The variable importance plot provides valuable insights into which features contribute most to the Random Forest model’s predictions. By using the varImp function, we extract the importance scores of each feature, which are then visualized in the plot. The top 10 most important features are displayed to highlight those that have the greatest impact on the model’s performance. This aggregated feature importance is calculated over the cross-validation folds, offering a more robust understanding of the relative significance of each variable. Identifying key features helps in interpreting the model and can guide further feature selection or engineering.
## Validation Process and Results
After training our Random Forest model, it’s crucial to assess its performance on the validation set to ensure it generalizes well to new, unseen data. The model’s accuracy on the validation set provides a robust measure of its effectiveness. Below, we present the accuracy of the model on the validation set, which will help us determine if the model can reliably predict the performance of barbell lifts.
The confusion matrix above provides an insightful view into how well the model performs across different classes. The diagonal cells (A-A, B-B, C-C, D-D, E-E) show the number of correct predictions for each class, with high counts, indicating strong predictive accuracy.
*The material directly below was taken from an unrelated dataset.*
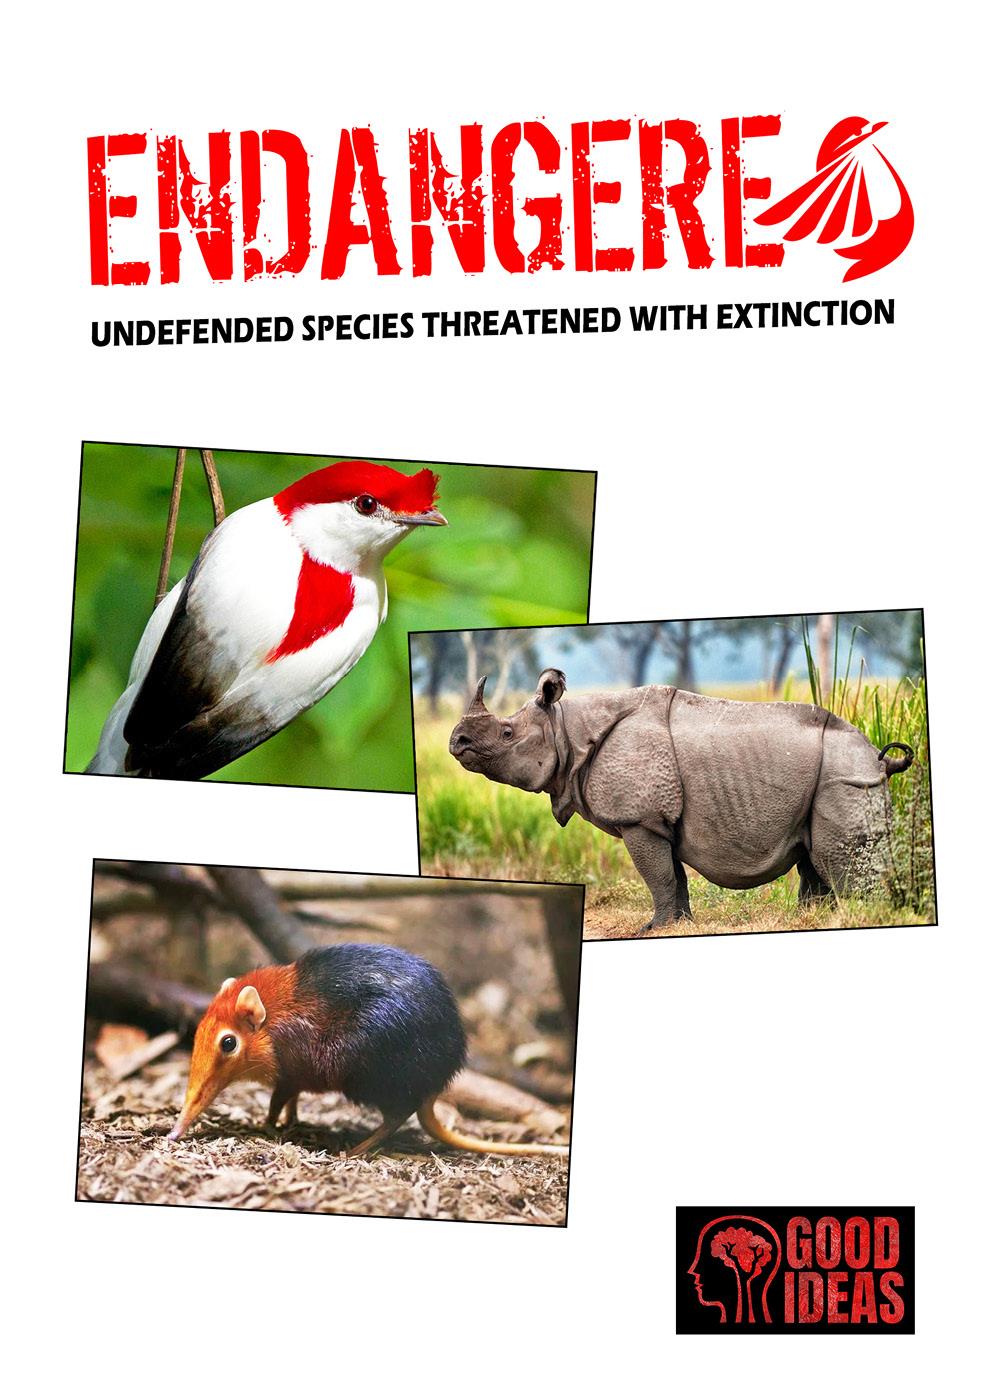 Endangered - Undefended species threatened with extinction

For example, class A has 1115 correct predictions, and class E has 713. Off-diagonal cells represent misclassifications, such as 5 instances where the model incorrectly predicted class A as class B. These misclassifications are relatively few, suggesting the model’s general robustness. However, some classes, like C and D, have small misclassification counts (e.g., C predicted as D). The pattern of the matrix indicates that the model is performing well, but further refinement, such as addressing these few misclassifications, could further enhance its accuracy.